In extensive evaluations across multiple synthesized datasets (LOGO-H, LOGO-L, LOGO-Gray, and LOGO-30K), the authors demonstrate notable improvements over existing methods, such as BVMR, UNet, and SIRF. The paper quantifies these improvements using metrics such as PSNR, SSIM, and LPIPS, with this work clearly outperforming the alternatives. For instance, the proposed model reached PSNR values over 40 dB across various dataset configurations, underscoring its robustness in challenging scenarios characterized by high watermark opacity and size.

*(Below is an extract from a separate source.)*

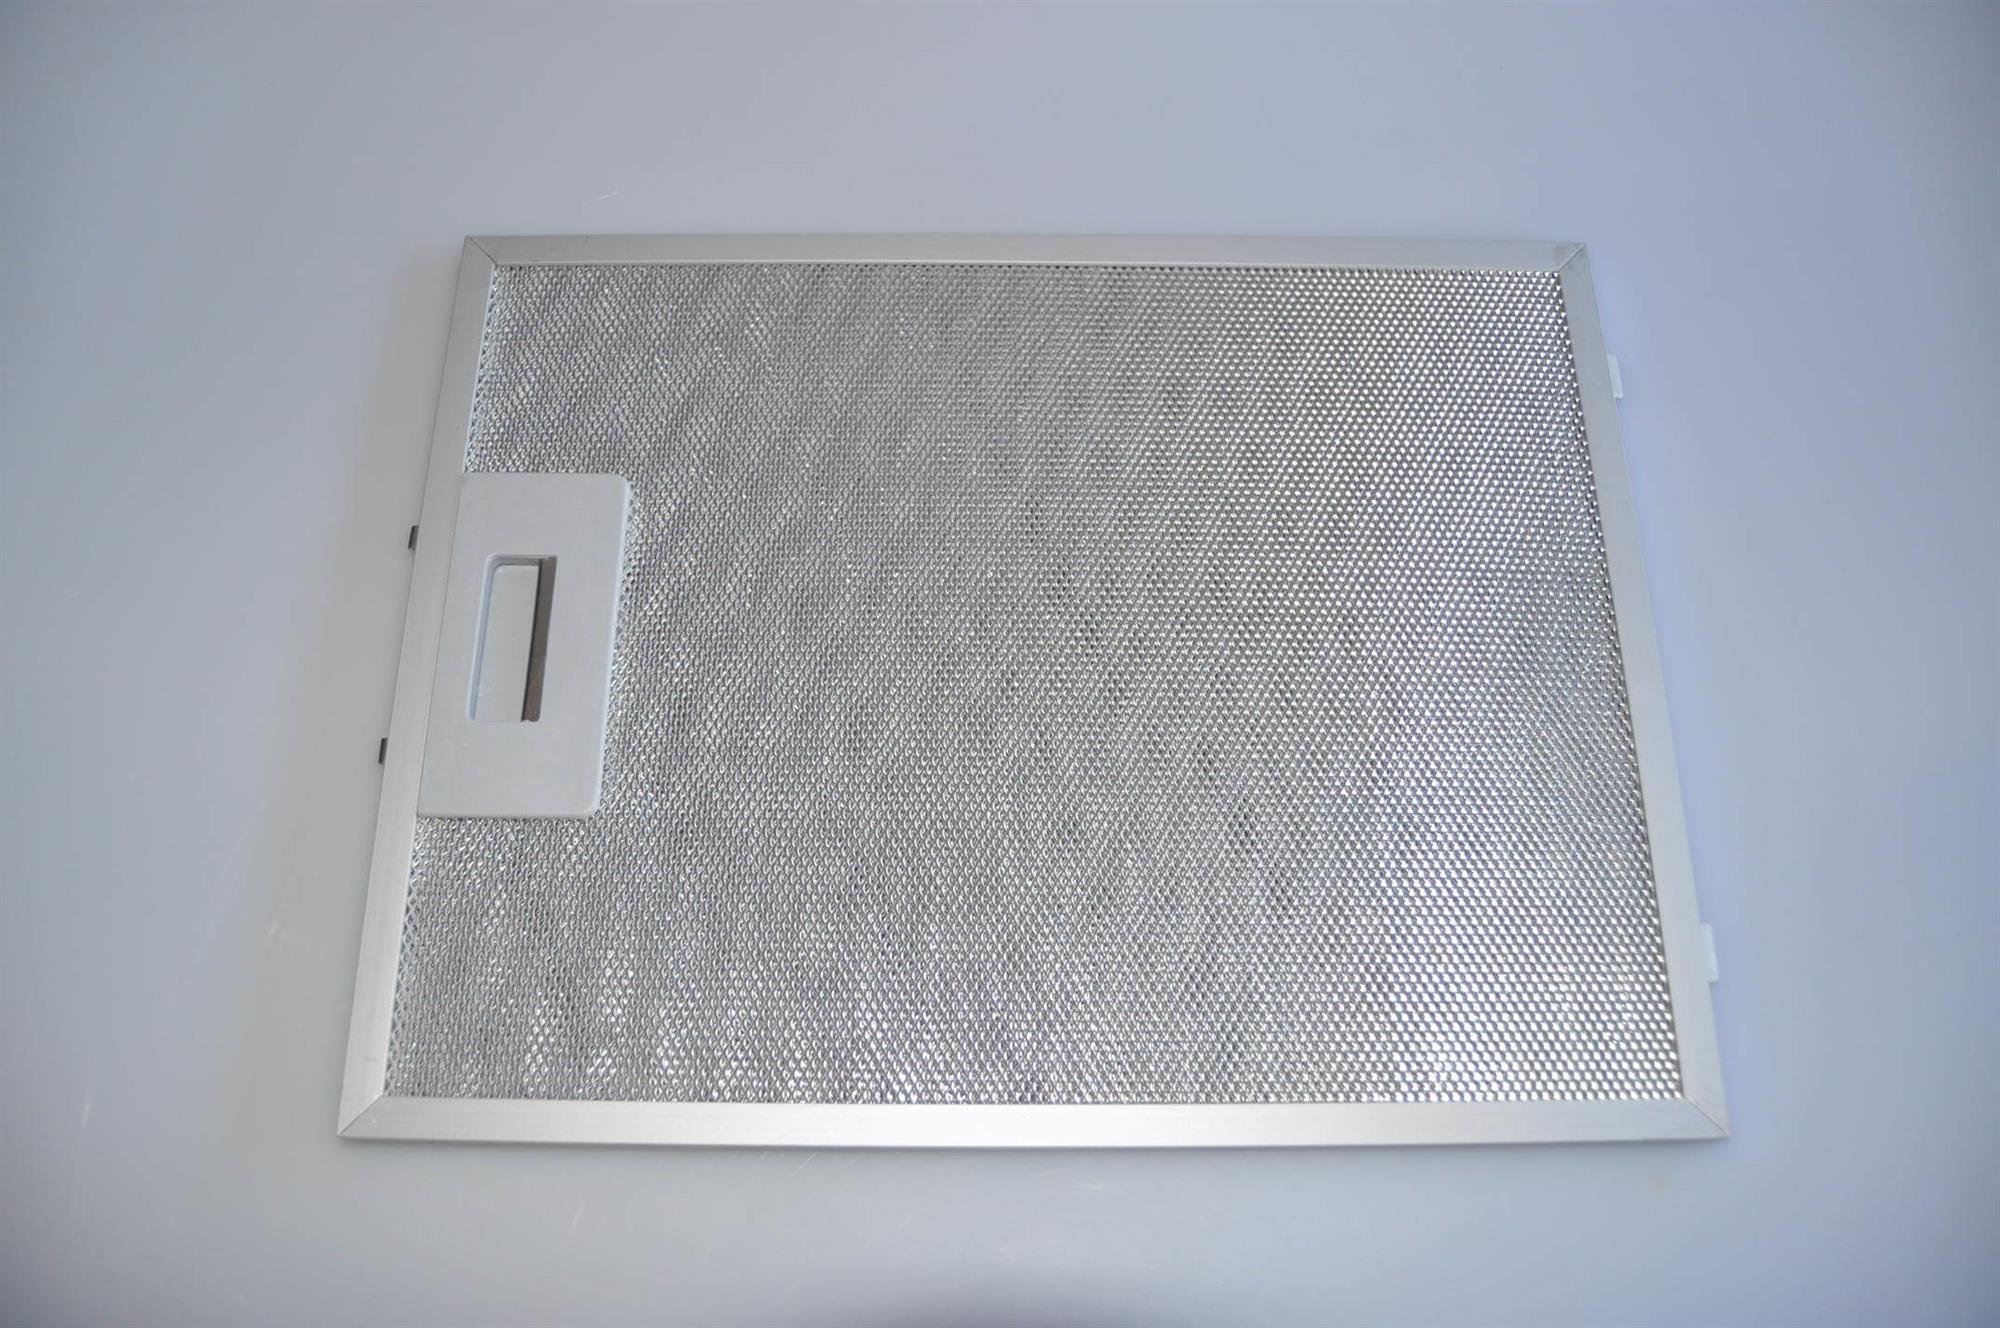 Metalfilter asko emhaette 320x245x7 mm fedtfilter for Hanseatic dunstabzugshaube
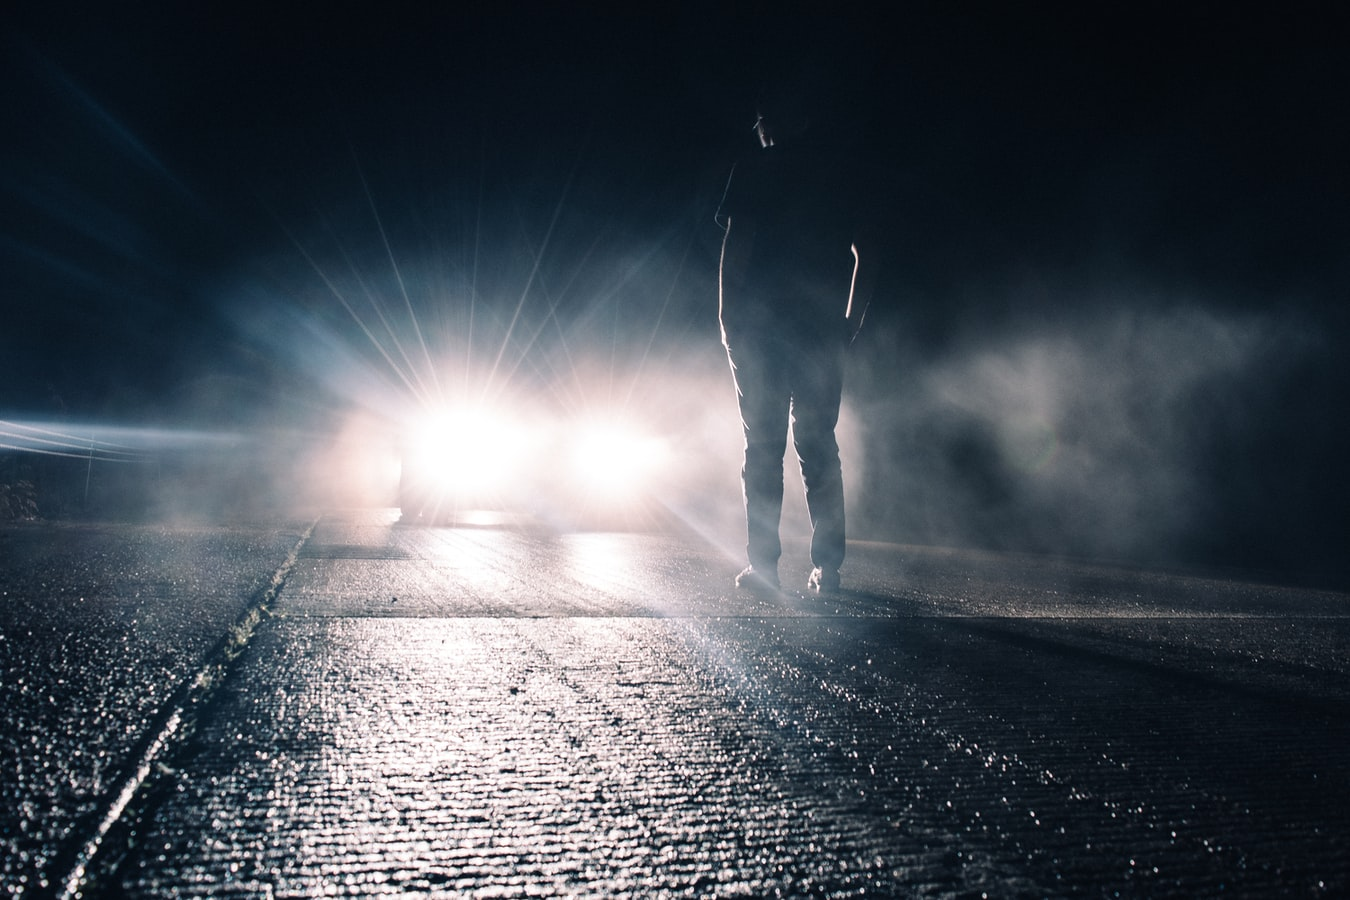 beaverton auto accident dangerous intersection

Implications and Future Work

The method delineated in this paper has broad implications for applications in digital media security and rights management, where watermark removal is pertinent. The results suggest practical applicability in real-world environments, supported by the algorithm's ability to generalize across different types of watermark patterns and complexities without additional annotation or interactive interventions.

The introduction of spatially attentive modules signifies an advancement that could impact related tasks, such as shadow removal and image harmonization. Future work could explore expanding this model to encompass dynamic contexts, such as video frames, or adaptive learning that acclimatizes to varying watermarking schemes automatically.

Conclusion

Cun and Pun's research contribution significantly advances the field of image processing and security by addressing the visible watermark removal problem with a sophisticated, well-founded architectural approach. The structured two-stage framework and the integration of multi-domain attention mechanisms are insights that healthy further studies in automated image restoration challenges. This work elevates the standard for end-to-end systems aiming to restore media fidelity and could herald a new era of practical applications in digital rights management.